The corporators elect the Mayor, a ceremonial position with limited duties who acts as an ambassador and representative of the city, as well as a Deputy Mayor. The corporators approve the city budget and act as watchdogs on implementation of policy by the staff under the Municipal Commissioner.

==== Committees ====
The corporators form several committees which deliberate on various issues. At present, PMC has the following subject committees: Law, City Development, Women and Child Welfare, and Sports. The Standing Committee is the perhaps the most important committee of the PMC formed according to Section 20 of Maharashtra Municipal Corporation Act, 1949. It consists of 16 members headed by a President appointed at the first meeting of the newly elected Corporation, half of whom retire every succeeding year. A new President is also appointed every year. The Standing Committee along with 15 ward committees are together responsible for financial approvals.

City Officials
| Title | Incumbent | Since | Appointed/Elected | References |
| Municipal Commissioner | Naval Kishore Ram, IAS | 31st May 2025 | Appointed by the GoM |  |
| Commissioner of Police | Amitesh Kumar, IPS | January 2024 |  |
| Mayor | Manjusha Nagpure (BJP) | February 2026 | Elected |  |
| Deputy Mayor | Parshuram Wadekar (BJP) | February 2026 |  |
| Leader of the House | Ganesh Bidkar (BJP) | Dec 2020 |  |
| President of the Standing Committee | Hemant Rasane (BJP) | March 2020 |  |

== Revenue sources ==

The following are the Income sources for the Corporation from the Central and State Government.

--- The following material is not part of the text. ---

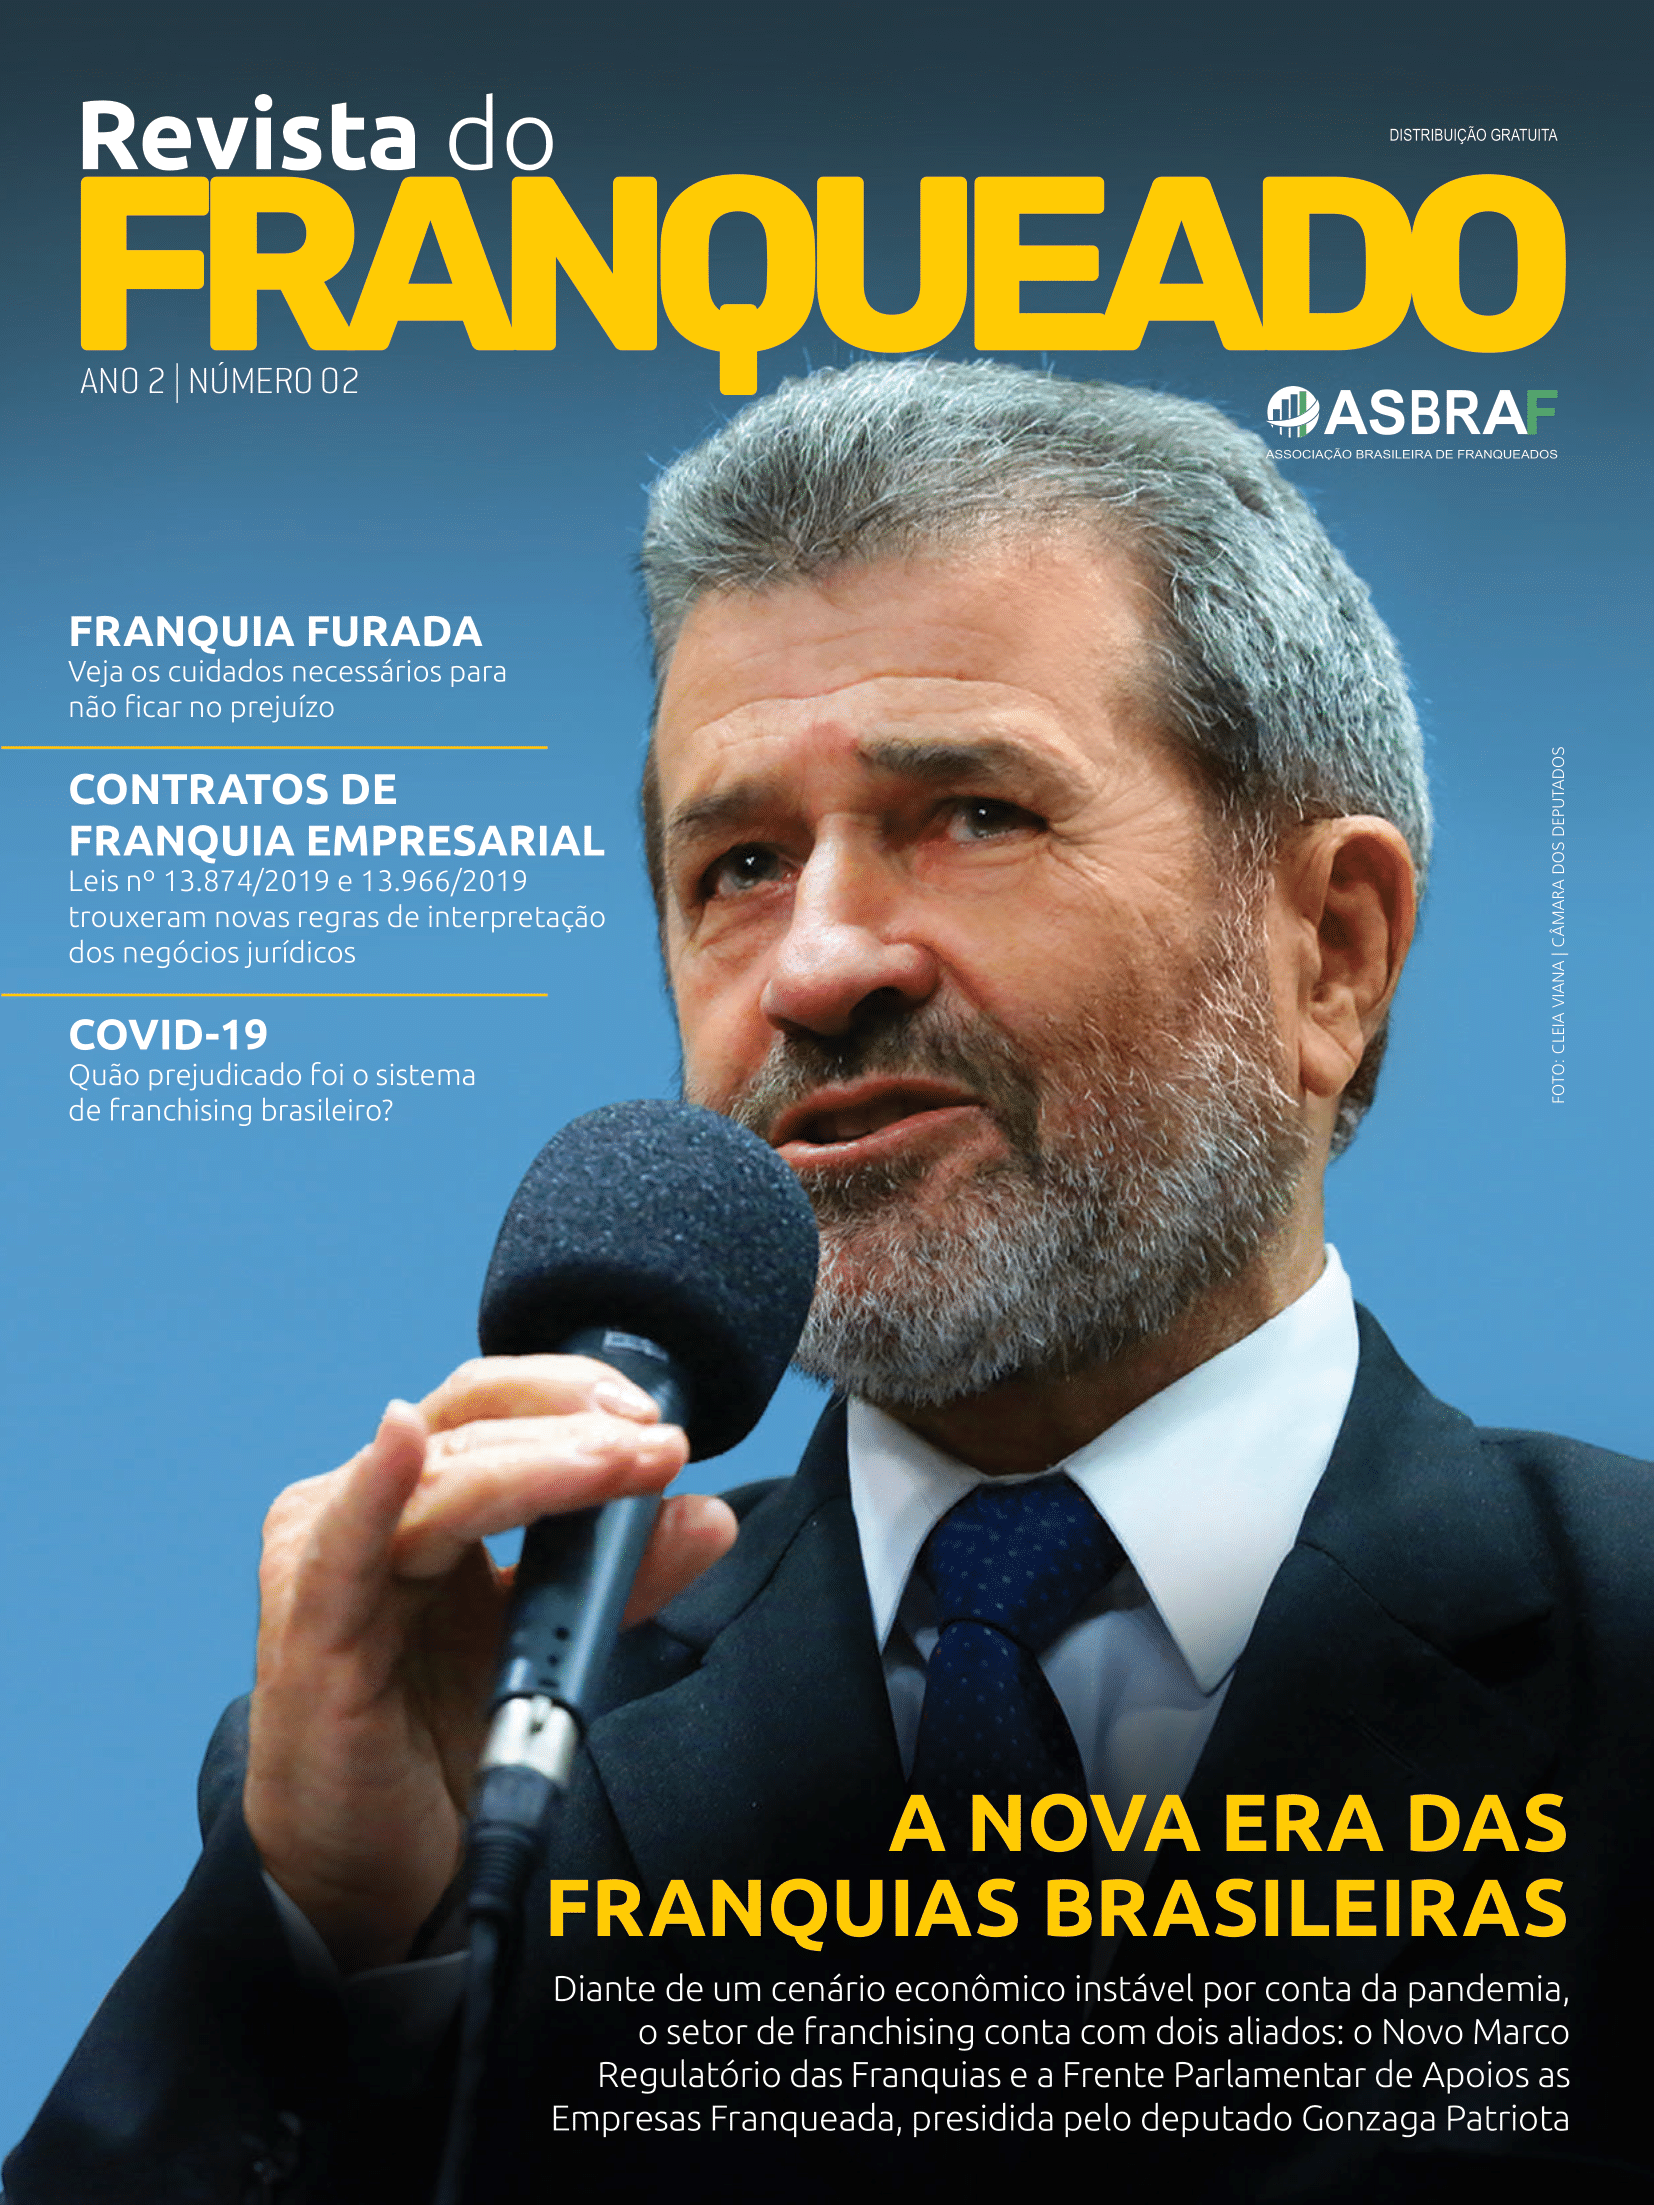 Revista_Franqueado_edicao_02-1
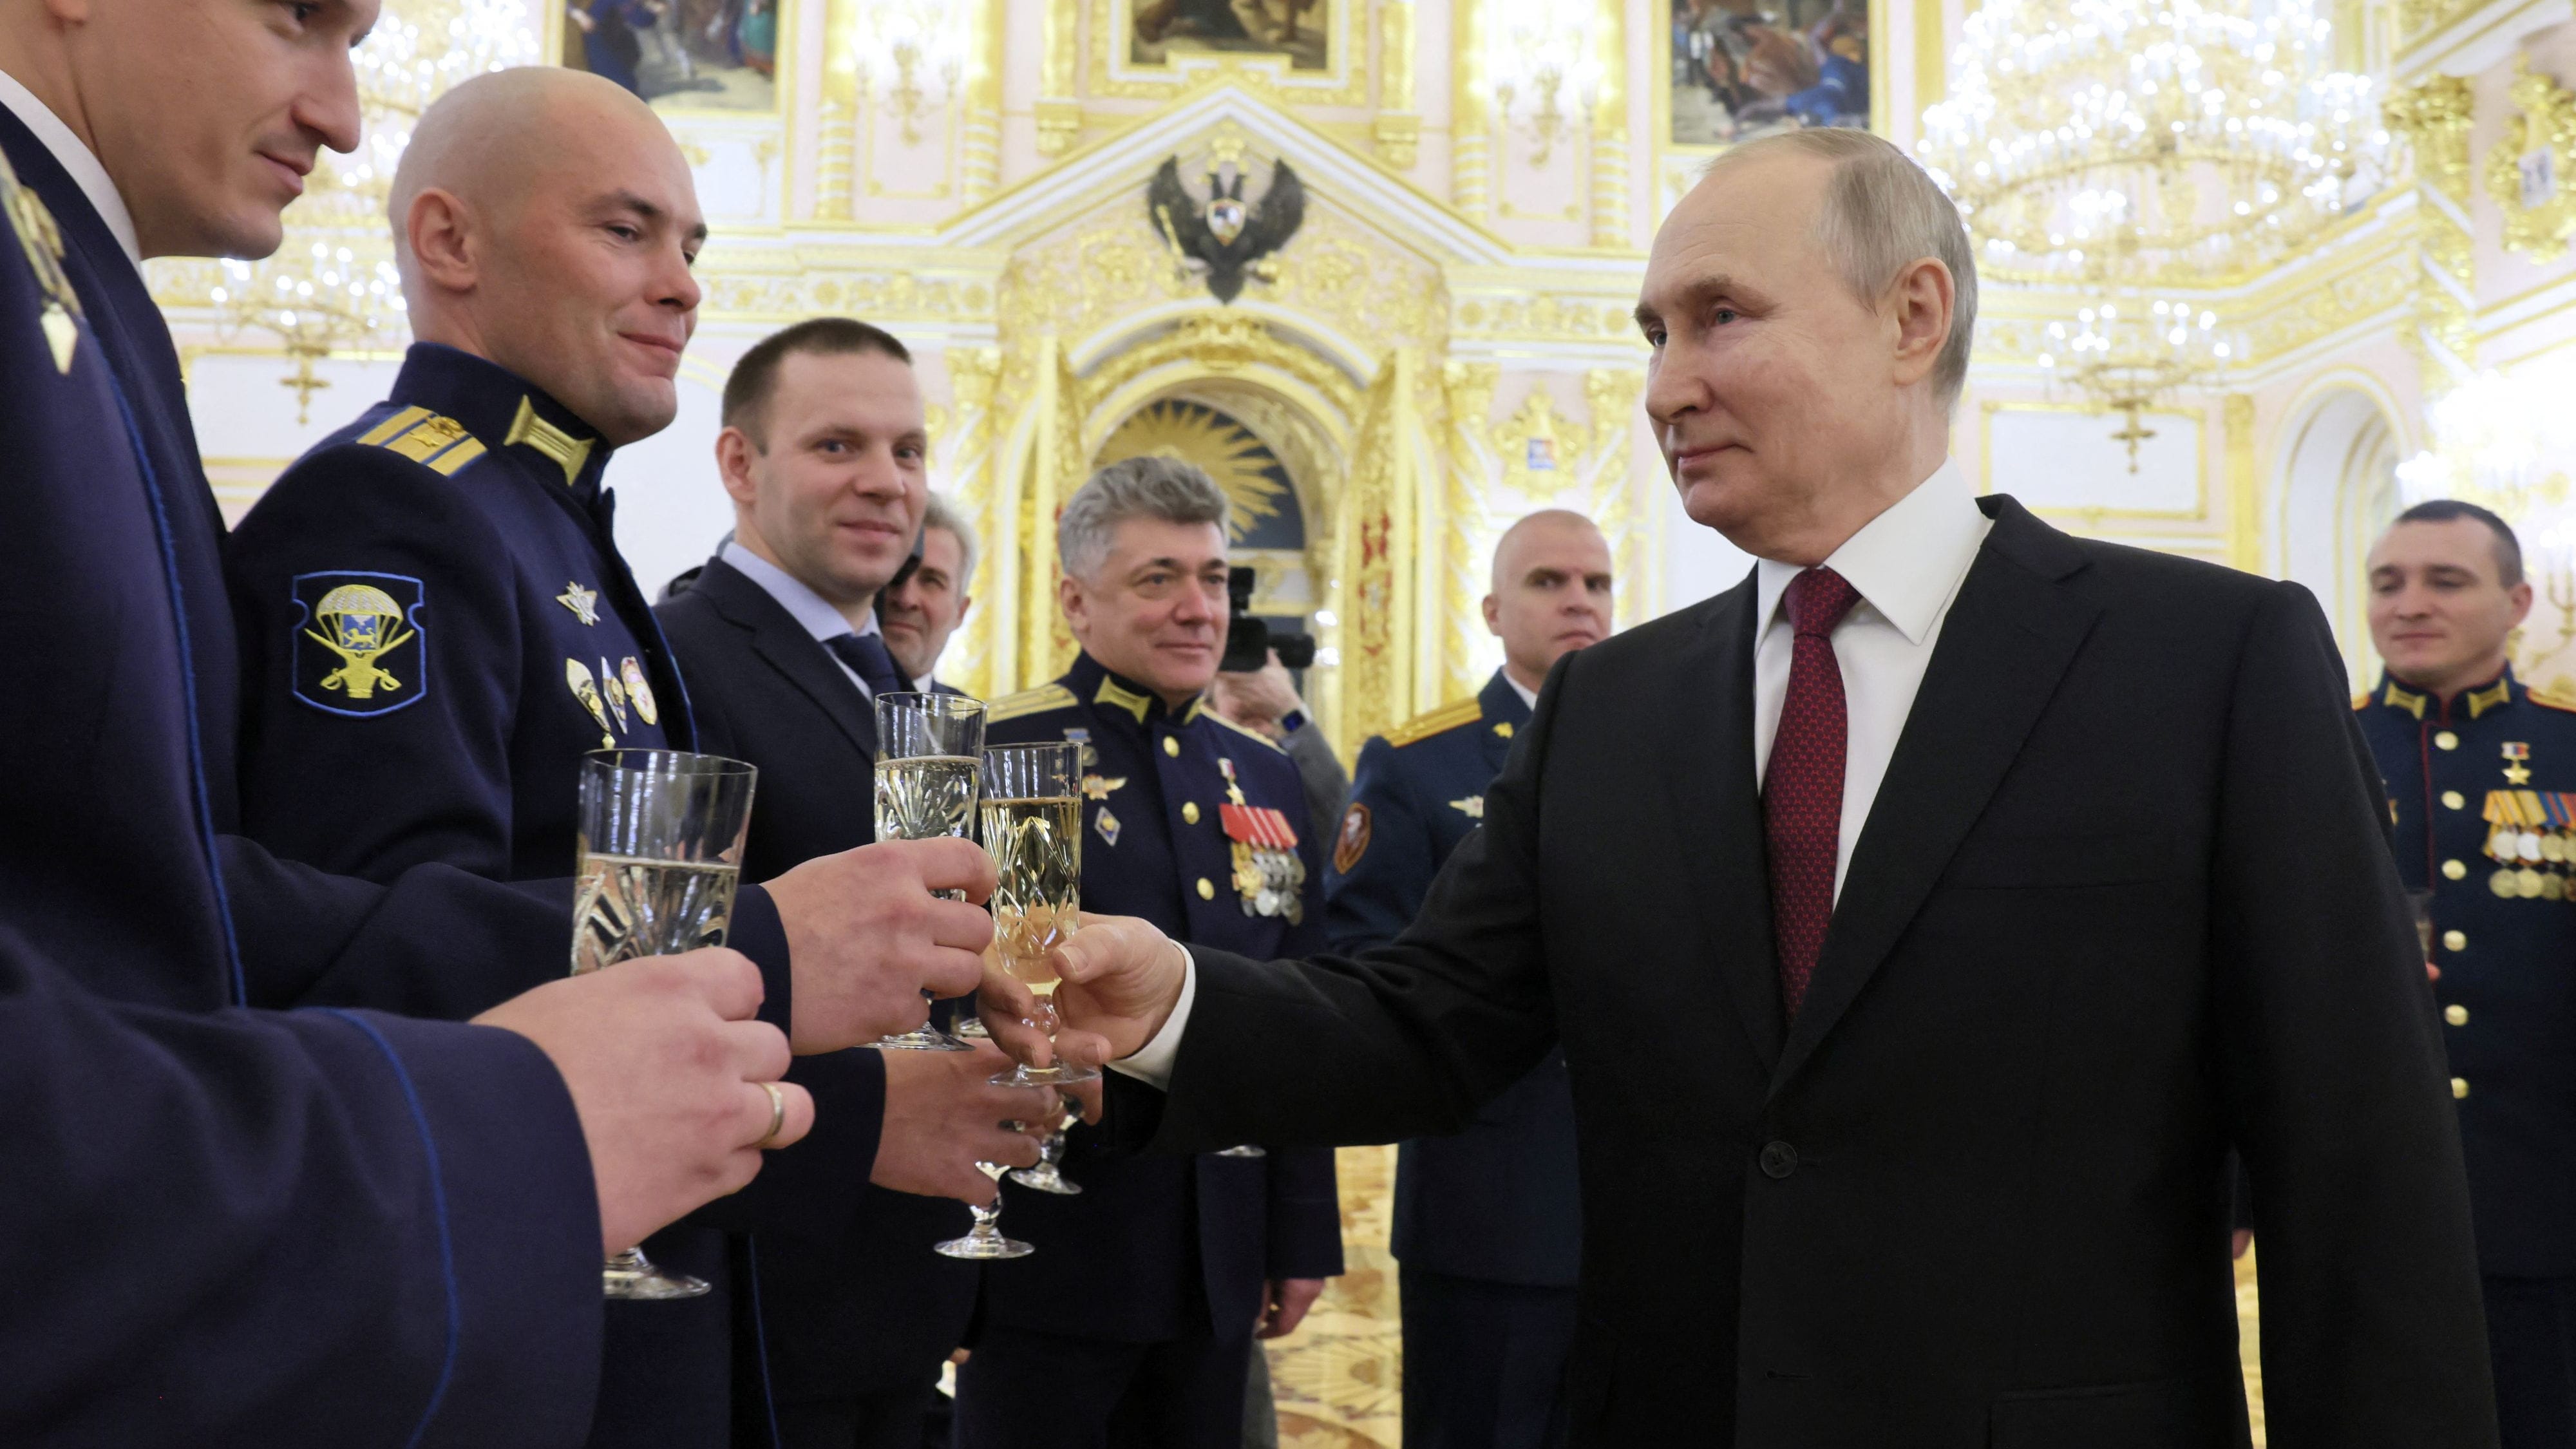 Putin betrunken? Das sagt ein Experte zu seiner bizarren Rede

=== Revenue from taxes ===
Following is the Tax related revenue for the corporation.

- Property tax
- Profession tax
- Entertainment tax
- Grants from Central and State Government like Goods and Services Tax
- Advertisement tax

=== Revenue from non-tax sources ===

Following is the Non Tax related revenue for the corporation.

- Water usage charges
- Fees from Documentation services
- Rent received from municipal property
- Funds from municipal bonds

== Municipal elections ==
=== 2012 ===
Municipal elections were held on 16 February 2012 to elect a total of 152 councillors in 76 wards (2 per ward). Vaishali Bankar (NCP) and Deepak Mankar (Congress) were elected as the Mayor and Deputy Mayor respectively.

=== 2017 ===

Municipal Elections were held on 21 February 2017 to elect a total of 162 councillors in 41 wards. The BJP won an absolute majority in the 2017 elections, marking the first time the city got a mayor from the party. Mukta Tilak (BJP) was elected as the mayor and Navanth Kamble (RPI (A)) as the deputy mayor by the newly elected general body in March 2017. Tilak is the first member of the BJP to hold the position. Following Kamble's death while in office, Siddharth Dhende of the RPI (A) was elected as the deputy mayor in June 2017.

==== Bypolls ====
The demise of the Deputy Mayor Navnath Kamble (RPI (A)) in May 2017 necessitated by-elections in the Koregaon Park-Ghorpadi ward. The RPI (A) retained the seat with Himali Kamble elected as the new councillor. Another round of bypolls was held on 4 April 2018 following the death of ex-mayor Chanchala Kodre NCP, who was elected in 2017 from the Mundhwa-Magarpatta ward. NCP retained the seat and Puja Kodre was elected as the new councillor.

=== 2026 ===

Municipal elections were on 15 January 2026 to elect a total of 165 councillors in 41 wards. The BJP won a landslide victory securring 119 seats. Manjusha Nagpure of BJP was elected as the mayor. Parshuram Wadekar of RPI(A) was elected as deputy mayor.